Inhibition of microRNA-30d attenuates the apoptosis and extracellular matrix degradation of degenerative human nucleus pulposus cells by up-regulating SOX9.

Accumulating evidence has suggested that microRNAs are critical regulators of intervertebral disc degeneration (IDD). The excessive apoptosis and extracellular matrix degradation of nucleus pulposus (NP) cells contribute to the initiation of IDD. However, the precise regulatory role of miRNAs in NP cell apoptosis and extracellular matrix degradation remains largely unknown. MicroRNA-30d (miR-30d) has been reported to be involved in regulating apoptosis and bone homeostasis. In this study, we aimed to investigate the role of miR-30d in regulating apoptosis and the extracellular matrix degradation of NP cells, along with the potential underlying molecular mechanism.

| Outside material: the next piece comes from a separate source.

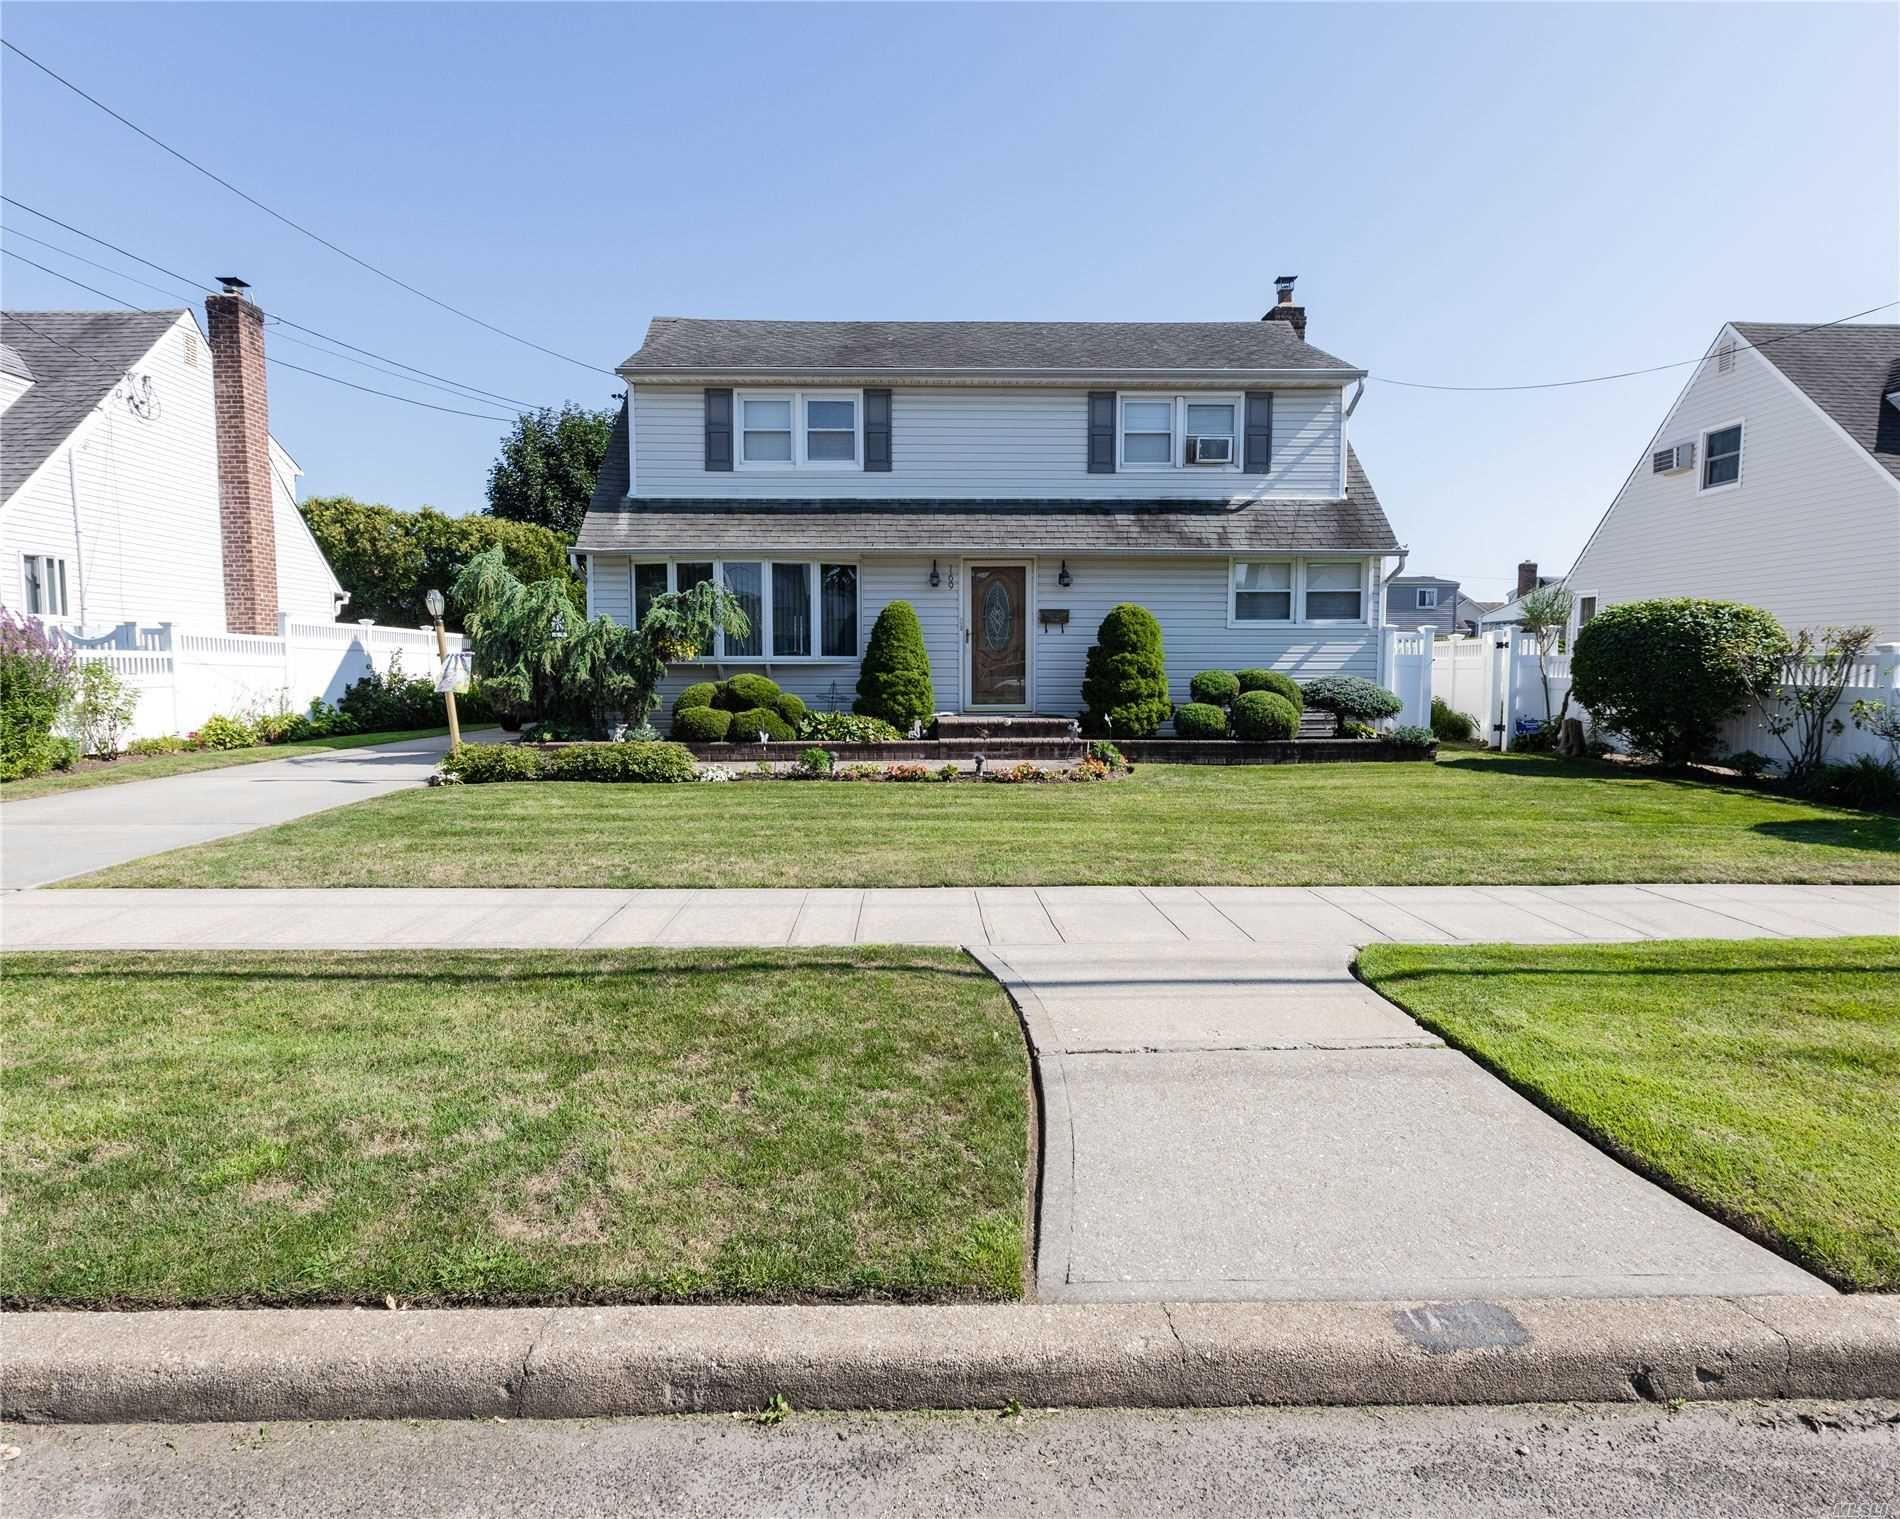 169 7th Street, Hicksville, NY 11801 - MLS#: 3237808
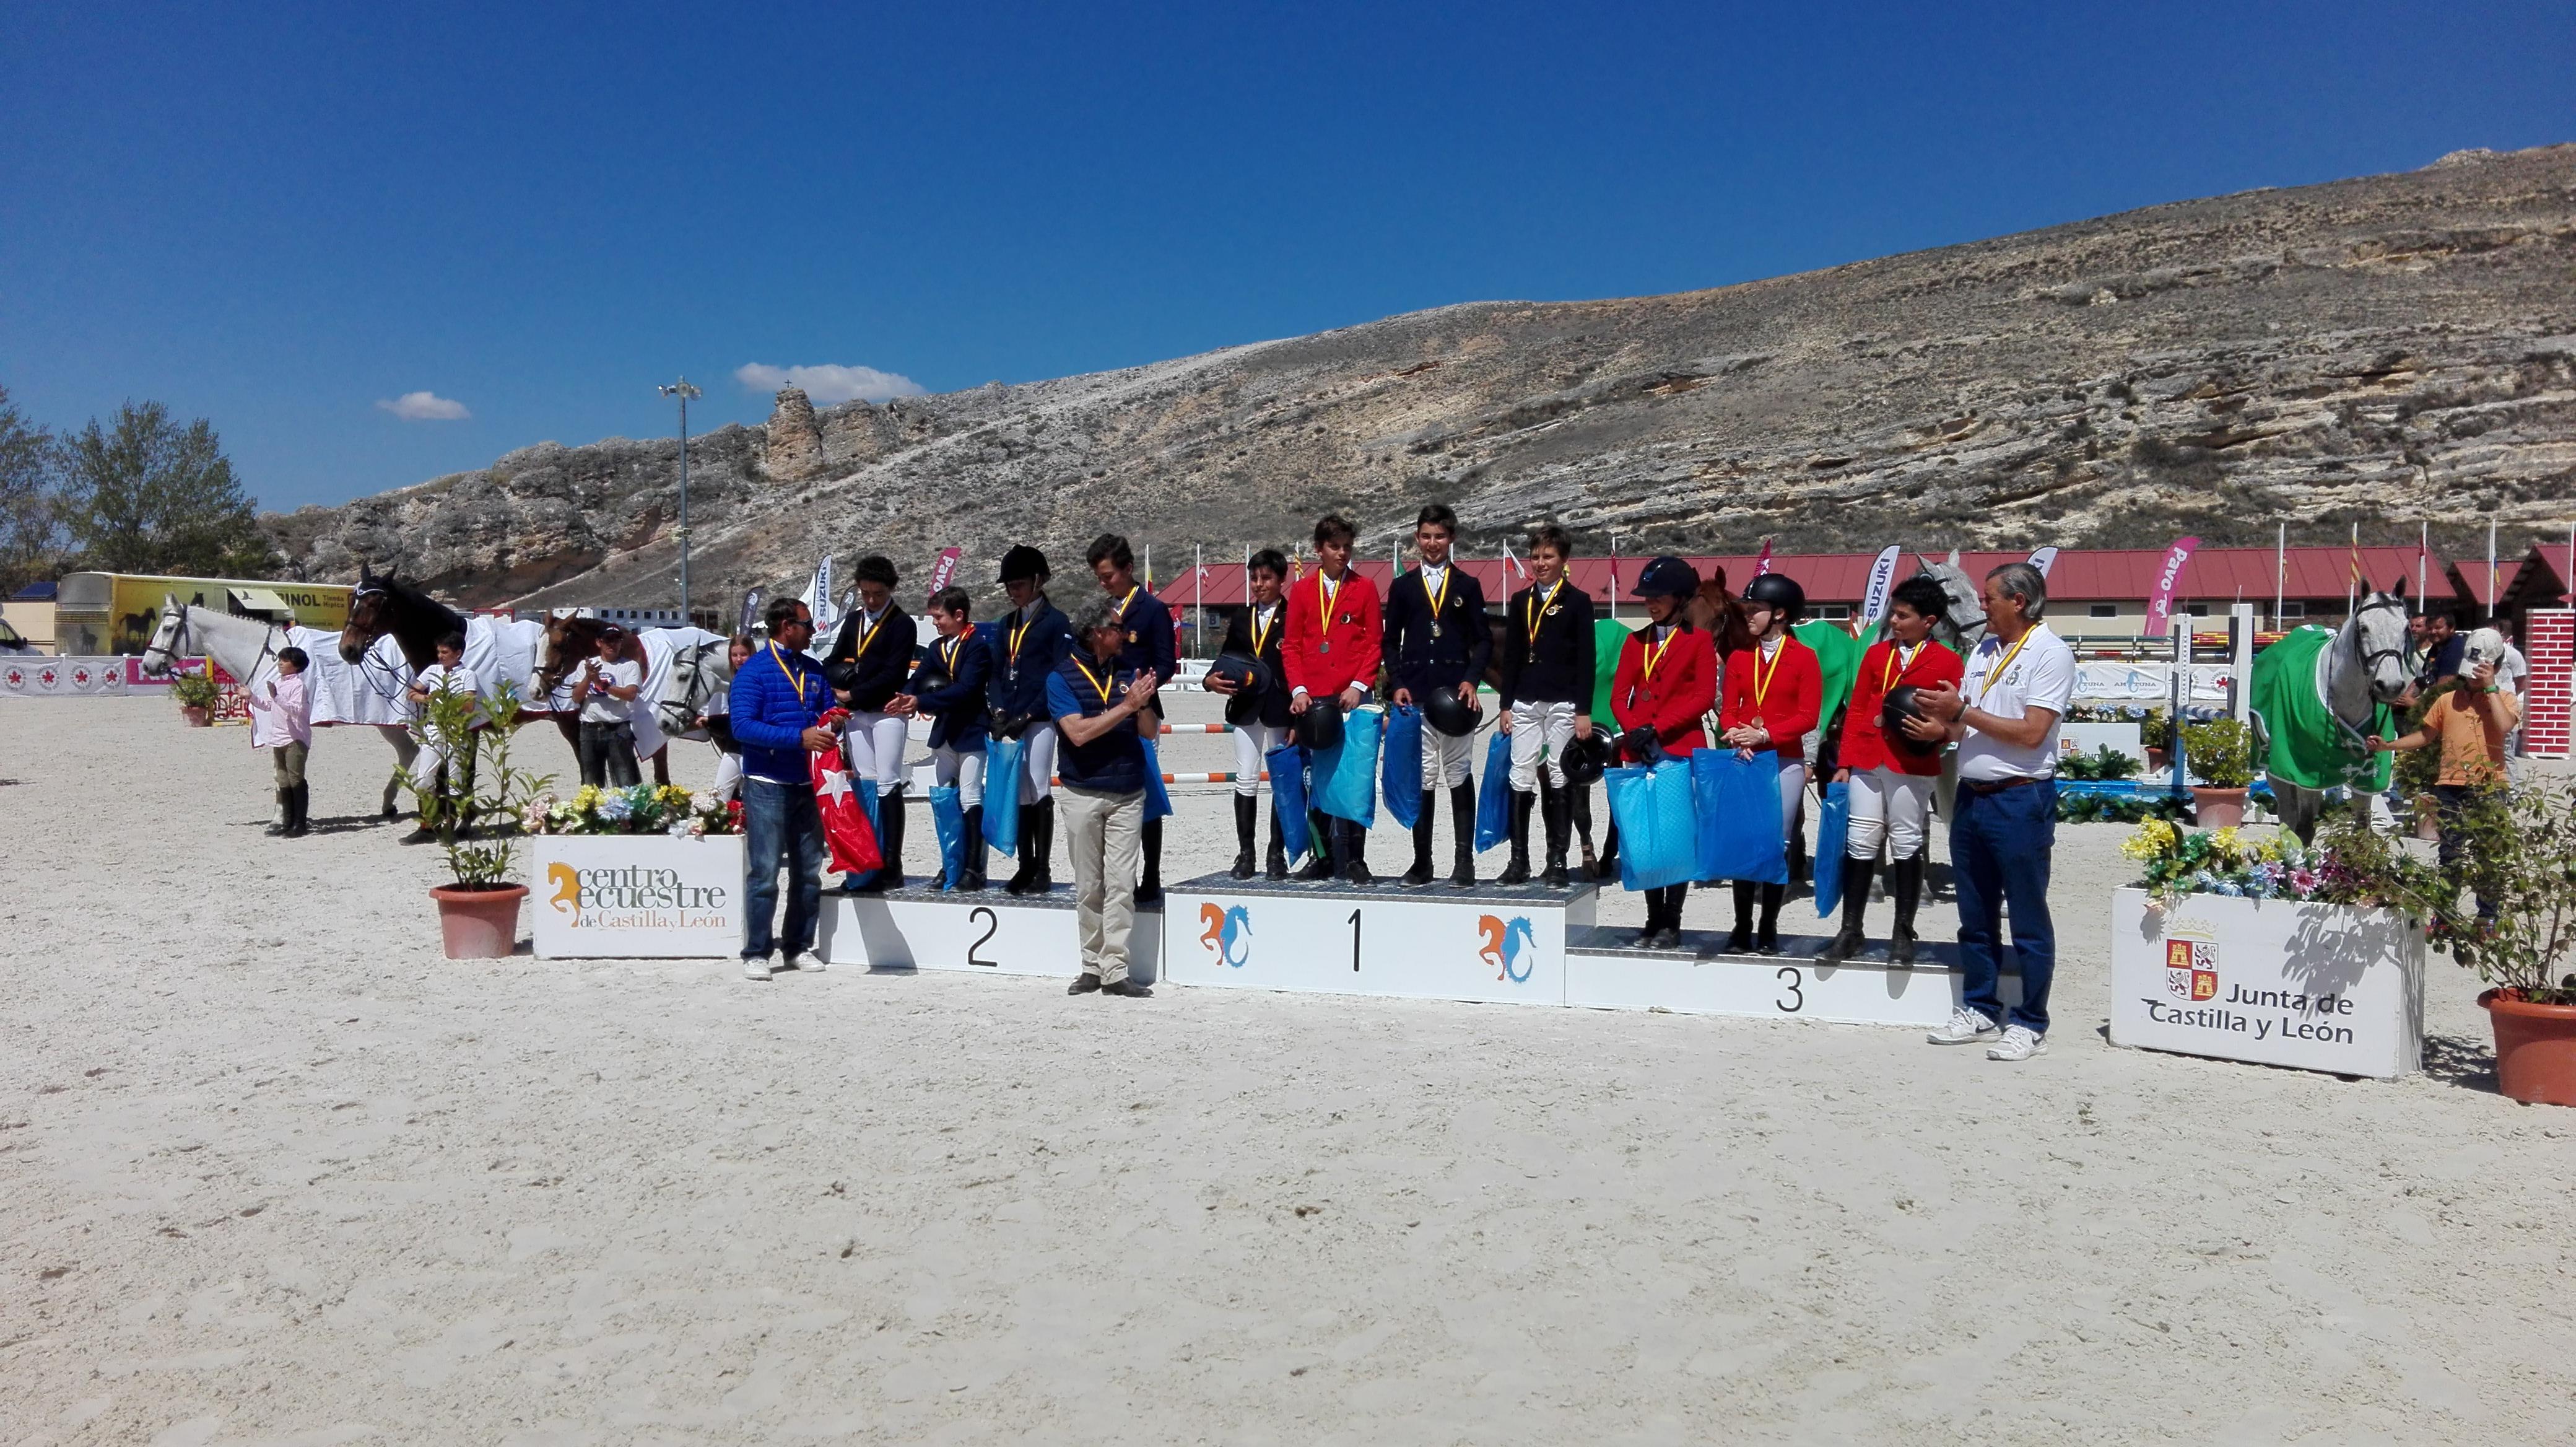 Segovia, sede del Campeonato de España de Salto de Menores 2017

Herein, our results showed that miR-30d was significantly increased in degenerative NP tissues compared with normal controls. Functional experiments showed that the inhibition of miR-30d promoted the viability and reduced the apoptosis of NP cells in vitro. Moreover, miR-30d inhibition increased the expression of type II collagen and aggrecan and inhibited the expression of matrix metalloproteinase. In contrast, the overexpression of miR-30d showed the opposite effects. Bioinformatics analysis, the dual-luciferase reporter assay, real-time quantitative PCR and western blot analysis showed that miR-30d directly targeted the 3'-untranslated region of SRY-related high mobility group box 9 (SOX9) and negatively regulated SOX9 expression. Correlation analysis showed that miR-30d expression was inversely correlated with SOX9 expression in degenerative NP tissues. Moreover, siRNA-mediated silencing of SOX9 expression significantly blocked the protective effects of miR-30d inhibition against NP cell apoptosis and extracellular matrix degradation. Overall, these results demonstrate that the inhibition of miR-30d attenuates the apoptosis and extracellular matrix degradation of degenerative human NP cells by up-regulating SOX9, suggesting a potential therapeutic target for IDD.